The Agile Executive 
Terrible stats. Tech debt is a killer!
agilescout
September 28, 2010 at 6:51 am
Indeed.
Having said that, I would suggest in any specific case to evaluate the technical debt vis-a-vis the cost (to produce the application) and the value it is expected to generate. $1M in technical debt on an application that cost $10M and is expected to produce $100M in Net Present Value (NPV) is quite a different story than $1M in technical debt in an application that cost $1M and is expected to generate a NPV of $4M.
Jim Highsmith and I will discuss these considerations in our forthcoming seminar on technical debt in the Cutter Summit. Until then, a quick summary of our approach can be found in How to Combine Development Productivity Data with Software Quality Metrics.
Best,
Israel
israelgat
September 28, 2010 at 7:17 am
Hello,
I trust we all know, negativity sells (from revenue to user base). One side, the picture, data presented seems (even though i have questions on data authenticity) a stark reality. On other, may i request you to present the thorough analysis with the positive trends that came through the analysis. Or is it fair to assume this snippet proves the tester image by being negatively critical.
Thanks
Manav Ahuja
Manav Ahuja
September 28, 2010 at 10:04 am
Hi Manav:
First and foremost, let me assure you my post has nothing whatsoever to do with “the tester image” you refer to. Knowing some of the folks at CAST, it is most unlikely they were thinking in terms of “the tester image.” Moreover, knowing of one of their folks for some twenty years I would be greatly shocked if he had such thoughts/associations on his mind.

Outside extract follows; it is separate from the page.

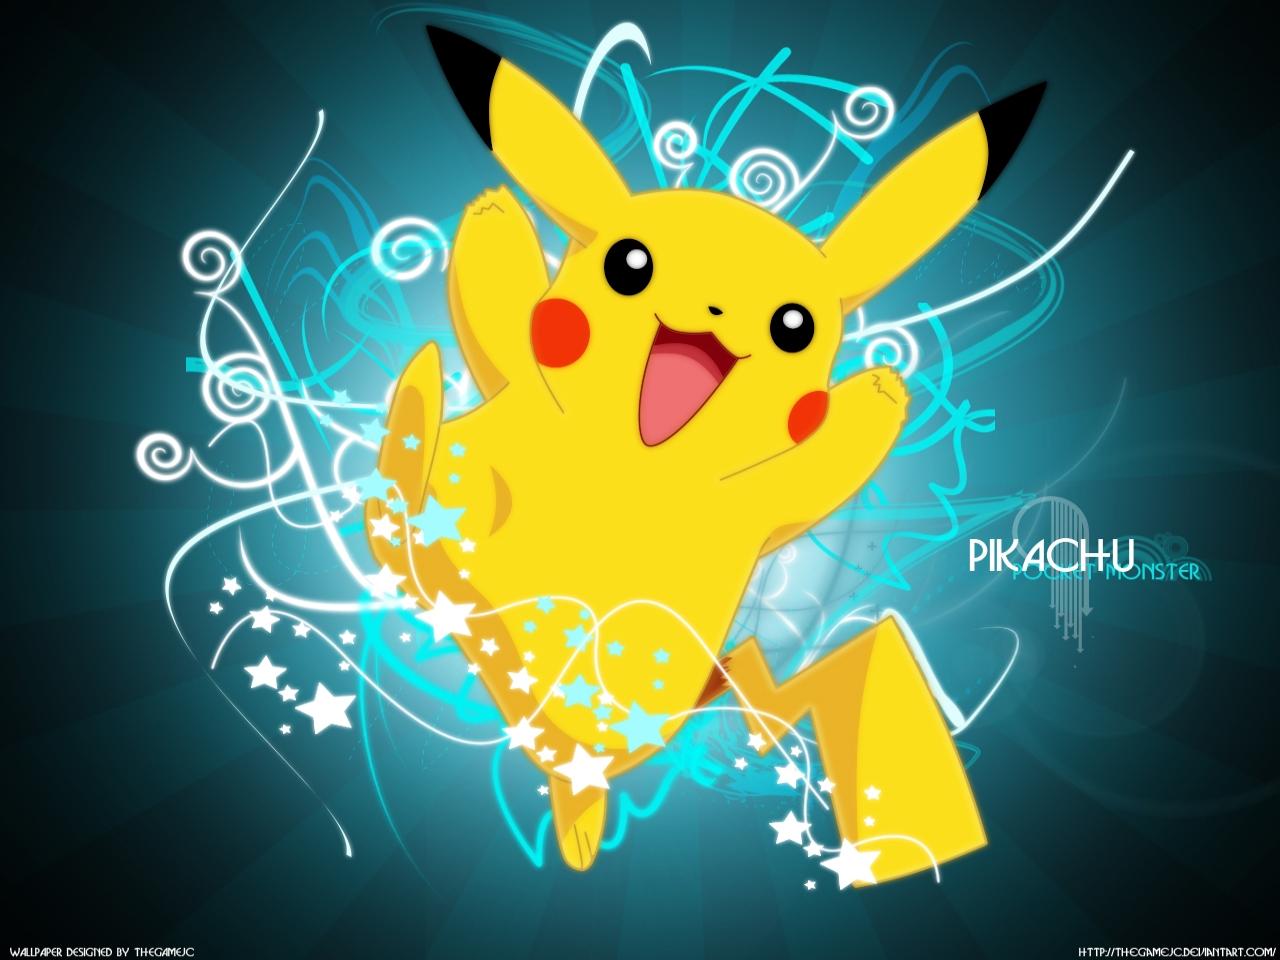 Pokémon pikachu

The CAST team briefed me for about an hour on their study. Best I can tell from a one hour briefing they were meticulous on statistical considerations and data validity.
My take on the CAST findings can be summarized in five words: it is what it is. I do not associate “positive” or “negative” with an amount of technical debt. To me, it is neutral data that gives us insights how to improve the software we are inspecting.
Best,
Israel
israelgat
September 28, 2010 at 11:41 am
Hi Manav,
I have been involved with the research team on the study. Thank you for your comments, and many thanks to Israel for the insightful post and analysis.
I hope you will have a chance to read the actual summary of findings document that’s referenced in Israel’s original post. When you read it, you will find that there are some stark findings in there, but they are not all negative. For example, some of the other conclusions the team came to are: (1) Applications can be implemented to be very secure, if you try hard enough and (2) larger applications don’t have to be of poorer quality, as long as they are built in a modular fashion.
Regarding the data collection, what’s interesting about this particular study is that it’s not at all survey based. All the structure data about the application software is collected and analyzed by the CAST platform, using the exact same parameters for each application. So, there is no room for subjectivity there at all. The team will be publishing the detailed report in about a month or so, where you’ll see the data cut by every dimension available in the repository. I would be happy to step you through the data collection and analysis process. Please feel free to give me a call.
In all, I think our host here summed it up well: it is what it is. We shied away from making too many of our own conclusions about the data, because there are so many factors that could drive the results we see. And, we had absolutely no intention to single out any part of the SDLC as culprit for any of the findings. The real point is that now we collectively have empirical data about the output of SDLC processes that we can analyze.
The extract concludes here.